Design/Metadata
From SF Data Wiki
| Home > Design > Metadata |
Contents |
Metadata
This page discusses the requirements on metadata for incoming data files, how we want to get the meta data, and how we want to process it.
Metadata Requirements At Upload Time
Below are detailed the metadata we need for uploading new files. We'll be adding to the metadata things we need for processing and for the web application.
Provider
This is metadata about the provider of the data. This should only need to be entered once, although it may be updated when the provider changes staff.
Must Have
This is metadata we need to have for all incoming files, otherwise we ought to simply discard them.
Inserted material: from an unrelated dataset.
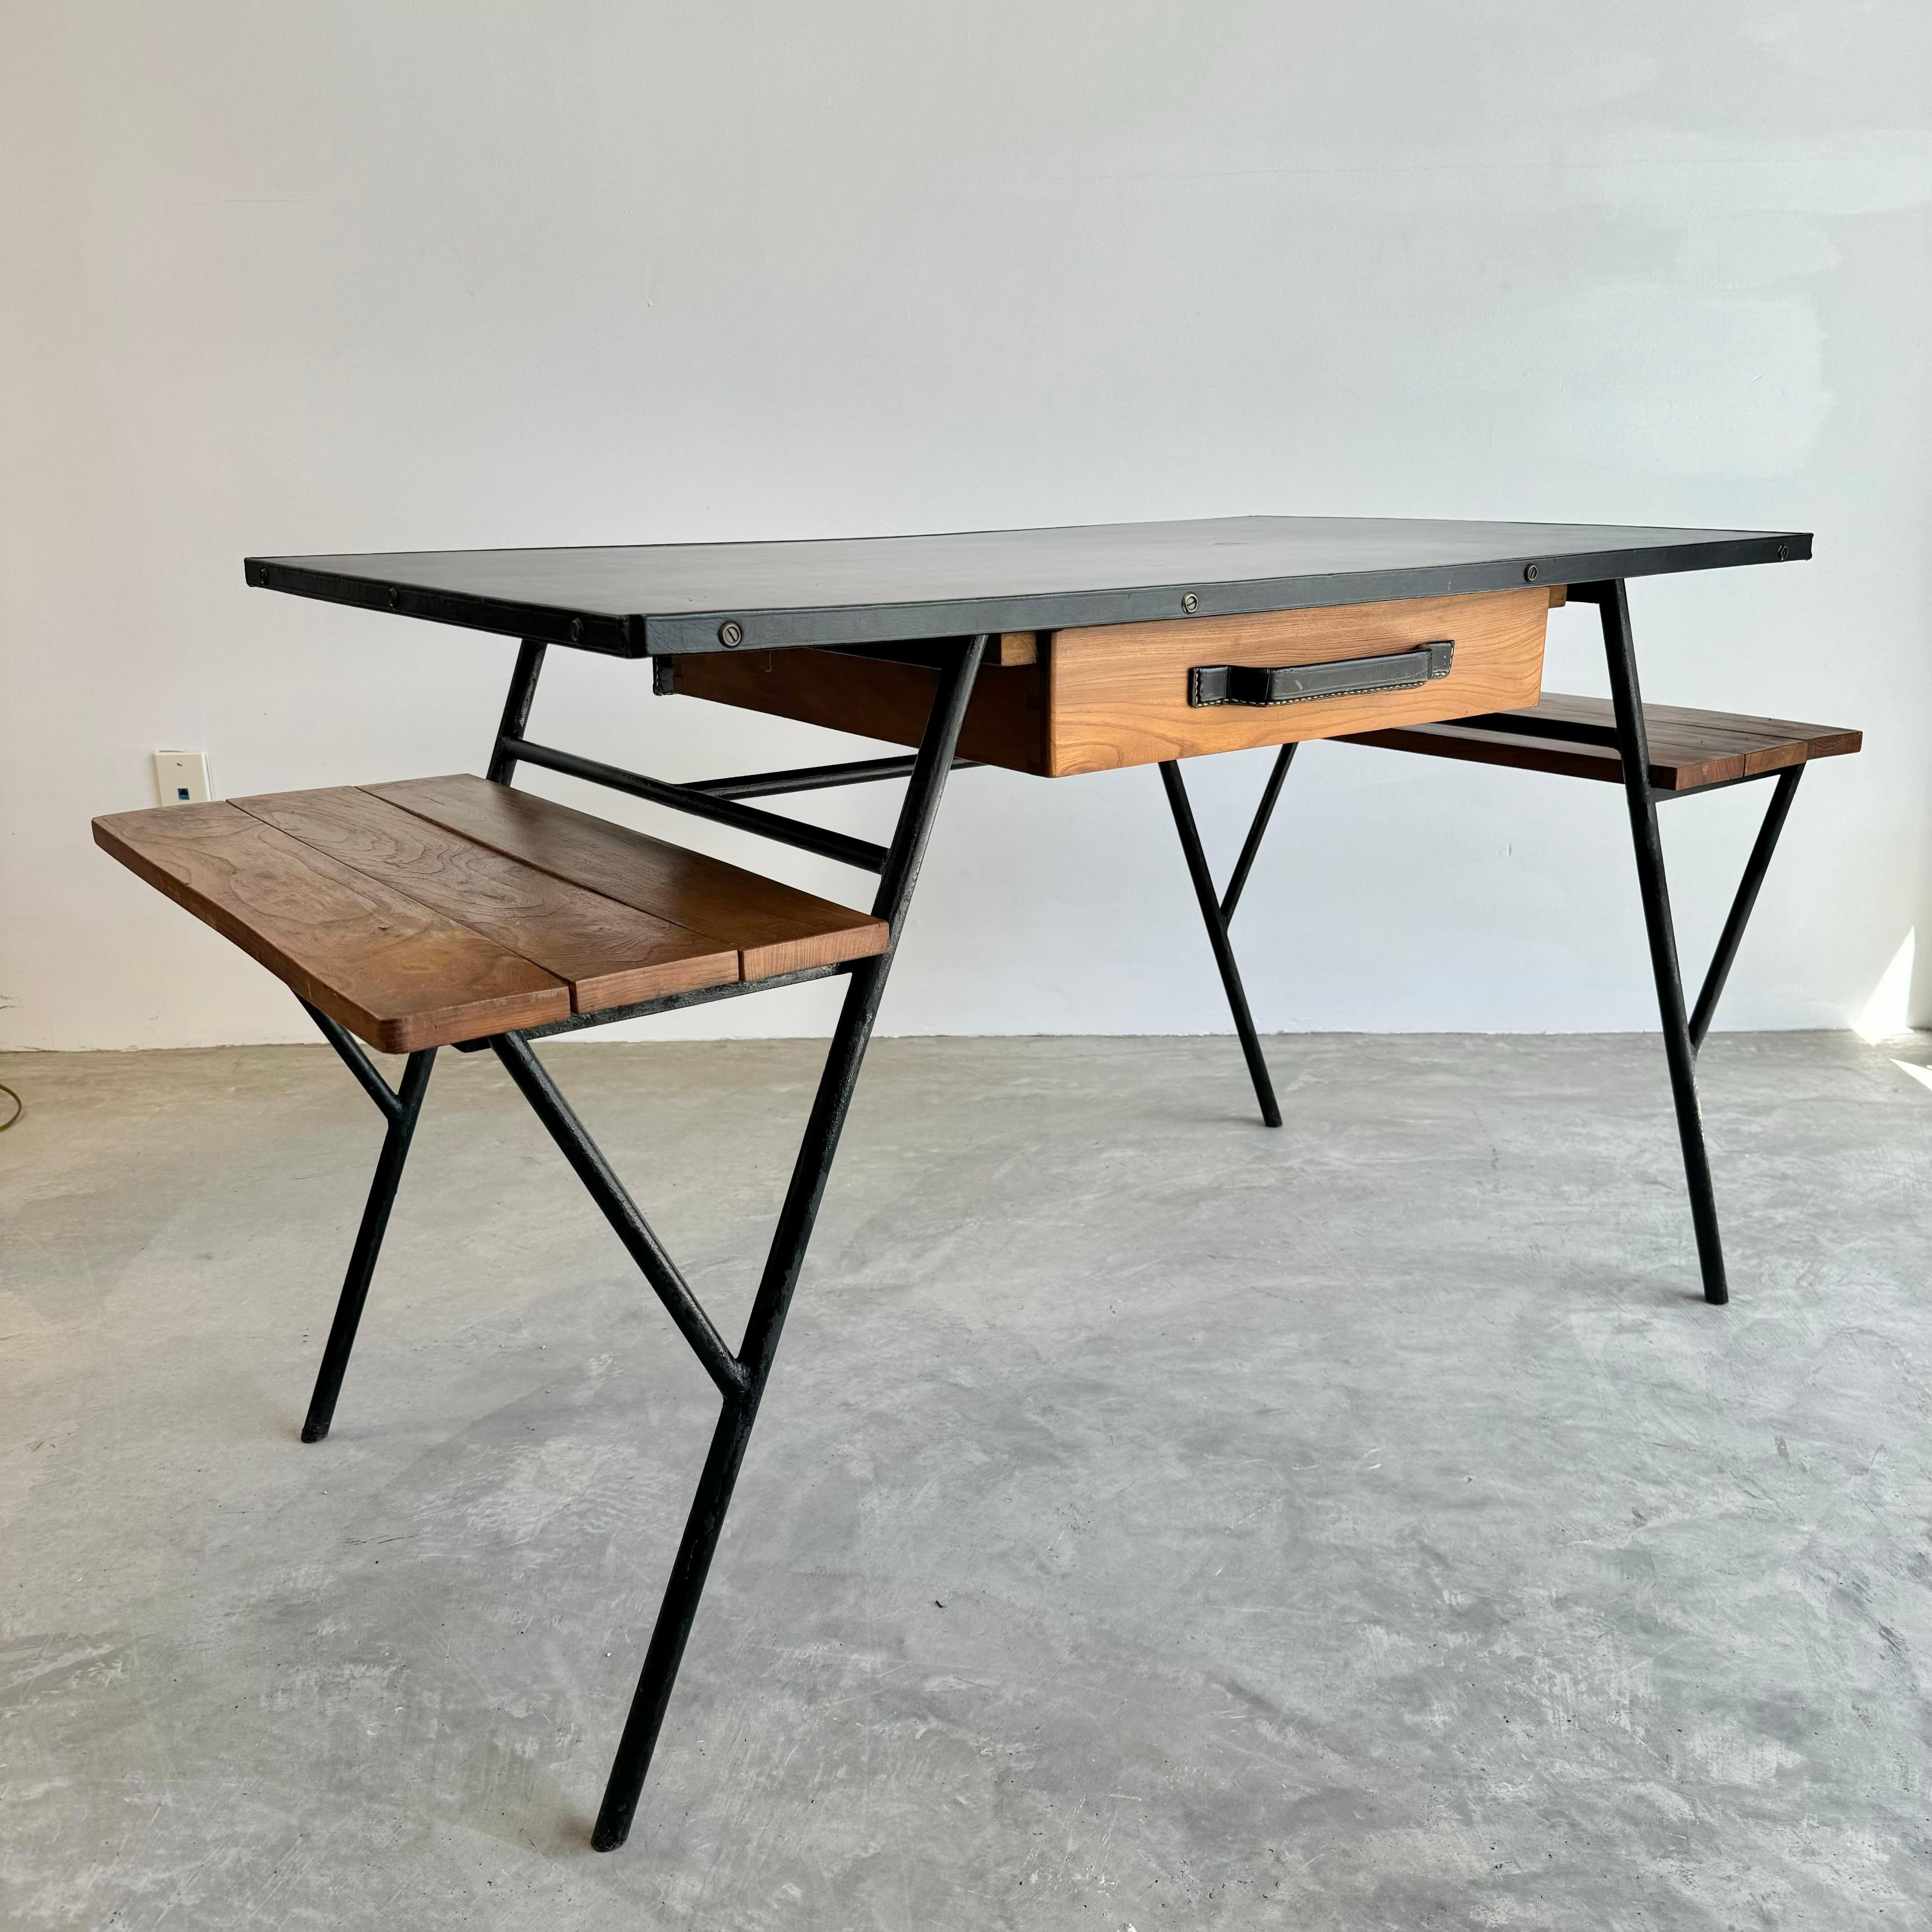 Hand-Crafted Jacques Adnet Iron and Oak Desk, 1950s France For Sale

- Provider name (unique, long text)
- Provider description (long text)
- Provider contact(s) info (one-to-many) (need at least one contact)
- Name (first/last)
- Email (or phone)
- Phone (or email)
Derived Automatically
We can also collect some information about the provider automatically:
- Provider Created On
- Last Update
- Provider ID (text prefix with autonumber, e.g. MAY3451)
Dataset
Each Provider will have zero to several data "series". A Series is a specific set of data files which are related, generally a time series of files periodically generated from the same source. Generally a series will have a single file format.
Must Have
- Name (long text) (unique with Provider Name)
- Provider (link)
Good To Have
Some additional data about the series. We can incent people to enter this because it will auto-populate most of their file information. In some cases, we may be able to derive it from their first files provided.
- First data from: (timestamp)
- File Format: (text) (from list of mime types)
- Data Frequency (interval) (hourly|daily|weekly|biweekly|monthly|quarterly|annually|etc.)
(probably quantity + unit would cover all cases) - Other Data Division (text) (way other than time the files are divided up)
- Series Comment (text, optional)
- File Naming Convention (regex) (template of how files in the series are named. defaults to "starts with")
- Data Maps (zero-to-several) (filenames) (links to one or several files which describe or encode mapping the data)
Automatically Derived
- First data uploaded on: (date)
- Last upload: (date)
- Key: (autonumber combined with prefix text, e.g. PRM1324) (needed for bulk loads)
File
This is metadata about the actual file, to be provided with each uploaded file.
Must Have
This is metadata we need to have for all incoming files, otherwise we ought to simply discard them.
- Dataset/Provider (link)
- Data Format (from list of mime types) (if different from Series)
- Filename (from upload, or load)
Good To Have
This is metadata we would like to have, and plan to ask for, or incoming files. In some cases, this data can be derived from the contents of the file.
- File comment (long text) (optional)
- Data Starts On: (timestamp)
- Data Ends on (timestamp) (allow entry of data period) (derive from Series if possible)
Automatically Derived
We'll also want to record the following:
- File loaded on (timestamp)
- File size (numeric)
- Processing info (TBD)
Metadata Methods
How will we get this metadata?
Web Upload
This is the most direct one. Users using the file-at-a-time web upload interface will fill out a webform, which will request the data. To make things easy for users, form fields will autofill based on Provider or Series information, or on their last upload.
Bulk FTP Upload
For users wanting a more mass upload interface would upload a series of files to an FTP folder. This would be accompanied by a metadata file in either CSV or XML format. For the former, we could distribute an Excel/OOo template for the CSV file.
The reason for the composite IDs for Series and Providers is to enable using them in the metadata files.
Derived From Contents
Some metadata could be derived from the actual file contents. For example, if you have a column which contains a date timestamp, date range could be derived. But we'd need a mechanism to arrange per file.
Metadata Storage
How do we keep this metadata? How do we connect it to data files?